Entretanto, das Américas, e em particular do Brasil, chegavam cada vez mais pedidos de envio de escravos, e não havia em África “peças” que chegassem para satisfazer tantos pedidos. Como que para agravar a situação, os luso-africanos que tinham acesso aos postos administrativos e militares na Câmara da cidade de Luanda beneficiavam de um conjunto de regalias que os colocavam numa manifesta posição de prioridade, geradora da maioria dos conflitos locais, não só entre eles, mas também com os distintos grupos do tráfico, detentores ou manipuladores de algumas das rédeas da gestão do negócio escravista. Vinha o cacimbo e a coesão social, se é que existia, rebentava pelas costuras perante os impunes abusos de comerciantes gananciosos. E, perante esta confusão de interesses materializada em repetidos confrontos, o governador pombalino reparou que não havia leis em Angola, e que as que eram aplicadas, genuinamente portuguesas, sofriam curiosas distorções, recombinavam-se para adaptar os procedimentos jurídicos a uma ética que se legitimava através dos costumes locais. “Uma rebaldaria!”, opinava o novo governante.

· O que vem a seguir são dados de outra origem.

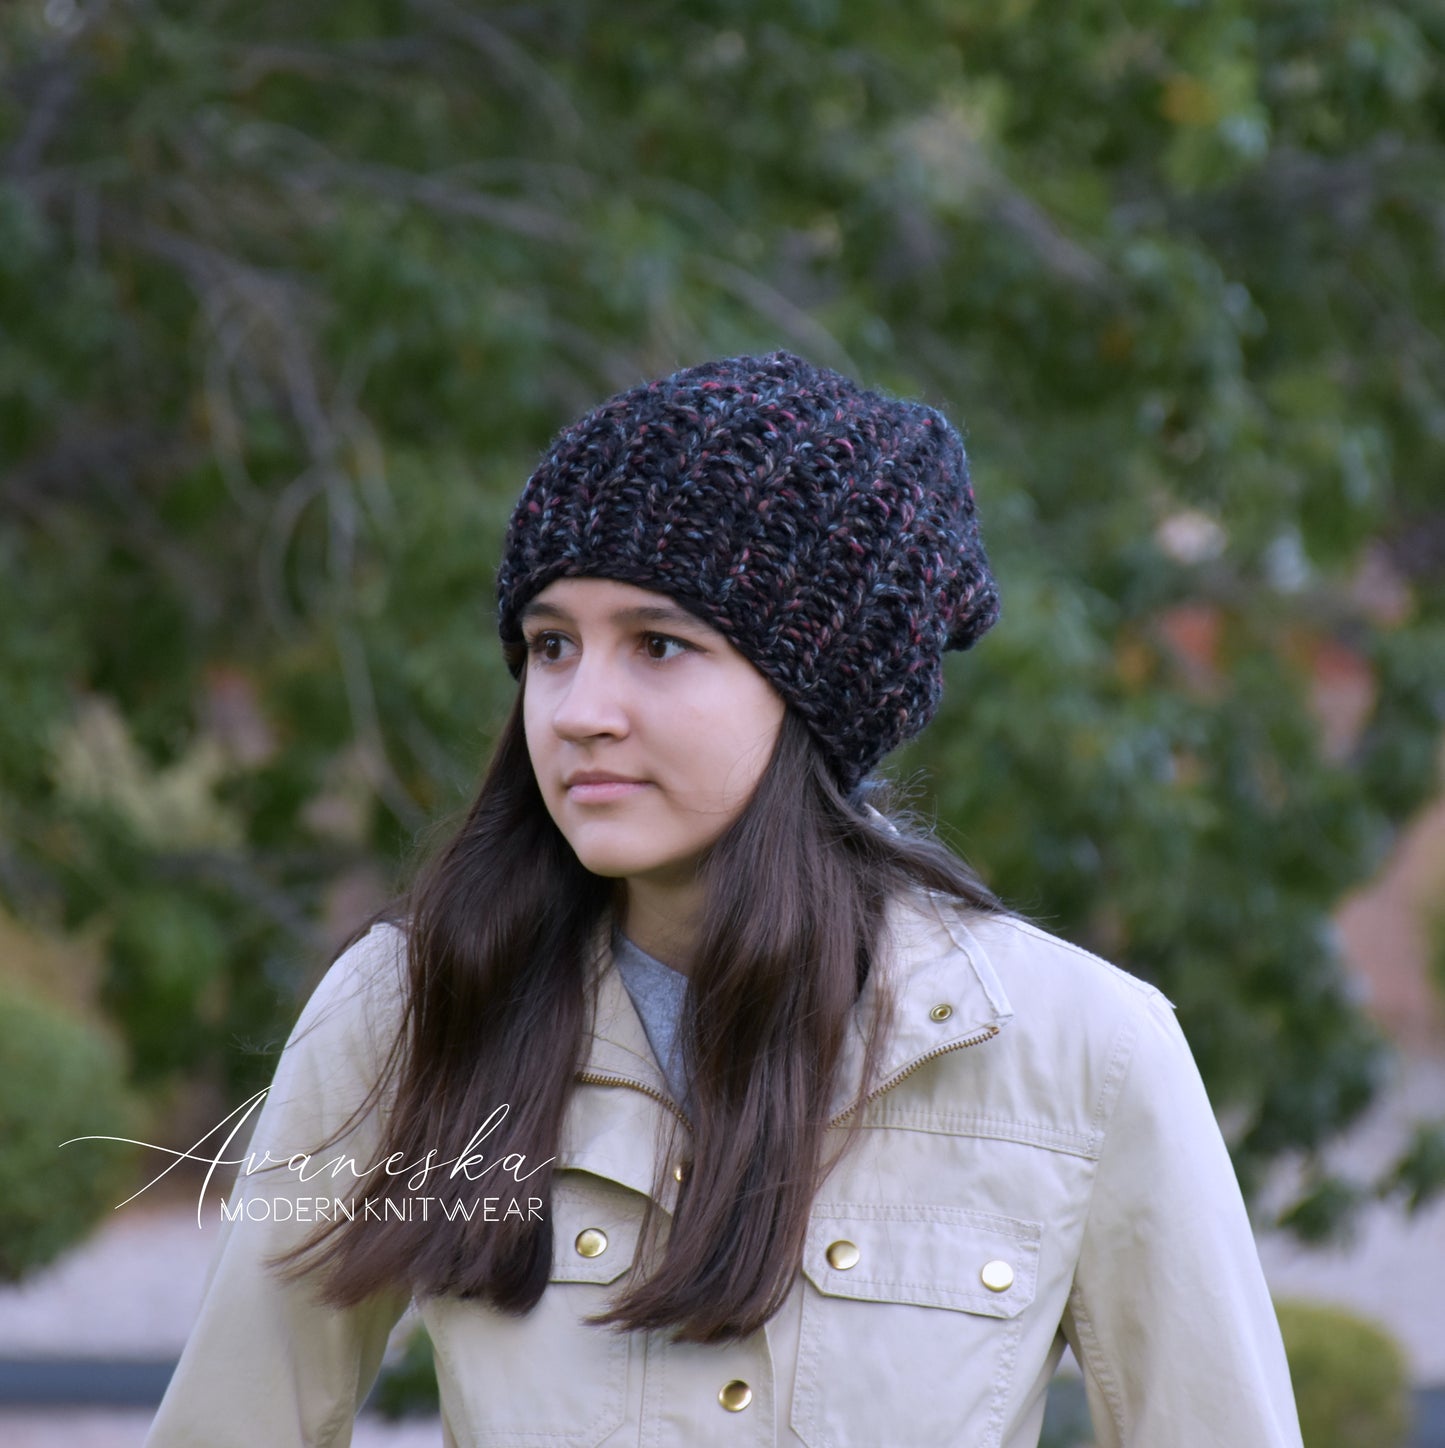 Woman's Knit Wool Winter Chunky Slouchy Hat

Urgia legislar. Mas a grande questão era determinar até que ponto as leis ocidentais podiam ser aplicadas eficazmente naquele contexto não ocidental. Num meio de desigualdades tão gritantes as regras jurídicas ultrapassariam inevitavelmente a definição de constrangimento, imposto com imparcialidade a todos os cidadãos da sociedade sem olhar a compadrios ou castas, para servir apenas de máscaras a muitas racionalizações dúbias em benefício de juízes, advogados ou outros detentores de interesses próprios, que, na opinião do próprio governador, apenas eram os “que tudo querem fazer seja de que maneira for”.
Mesmo assim, Sousa Coutinho decidiu pôr em prática as directivas pombalinas, decretando, num primeiro tempo, normas destinadas a deixar o grande comércio aos grupos verdadeiramente portugueses e o comércio secundário aos grupos locais, terminar com o contrabando, atribuído aos franceses e ingleses, e dirigir os benefícios do tráfico para o erário público. A sua grande preocupação era pois “racionalizar o comércio”, o que no seu entender passava pela eliminação pura e simples da organização tradicional dos grupos de parentesco, o repúdio do direito costumeiro e dos ritos consagrados a factos de primordial importância para os autóctones, numa palavra, a modificação radical do seu dia-a-dia, ou seja, do mais profundo modo de ser do povo de Angola, aparentemente sem lógica, simples expressão da sua condição de “bárbaros”. Acreditava, mordicus, que as normas de organização por ele impostas resolveriam esse caos, trazendo para o mundo civilizado seres que a ele manifestamente não pertenciam.
História do Jaga “Bango-Bango”
“Bango-Bango” foi capturado pelos Portugueses em 1624, e pouco tempo depois foi-lhe permitido instalar-se a norte do rio Kwanza, em Ilamba, ficou privado do apoio dos outros Imbangala do Sul e desistiu do modo de vida dos Imbangala para se tornar um leal kilamba, ou seja, capitão das tropas auxiliares africanas que combatiam ao lado dos exércitos dos Portugueses. Prestou leais serviços a alguns governadores de Angola, nomeadamente contra os Holandeses, para os quais ele fingiu desertar em 1641, para mais tarde se lhes escapar de volta para os Portugueses, depois de lhes ter causado imensos prejuízos. O rei de Portugal, mais tarde, recompensou os seus serviços, “fazendo-lhe mercê” da Ordem de Cristo; por essa ocasião, o antigo Imbangala “Bango-Bango” aceitou o baptismo cristão, recebendo o nome de João Bango.”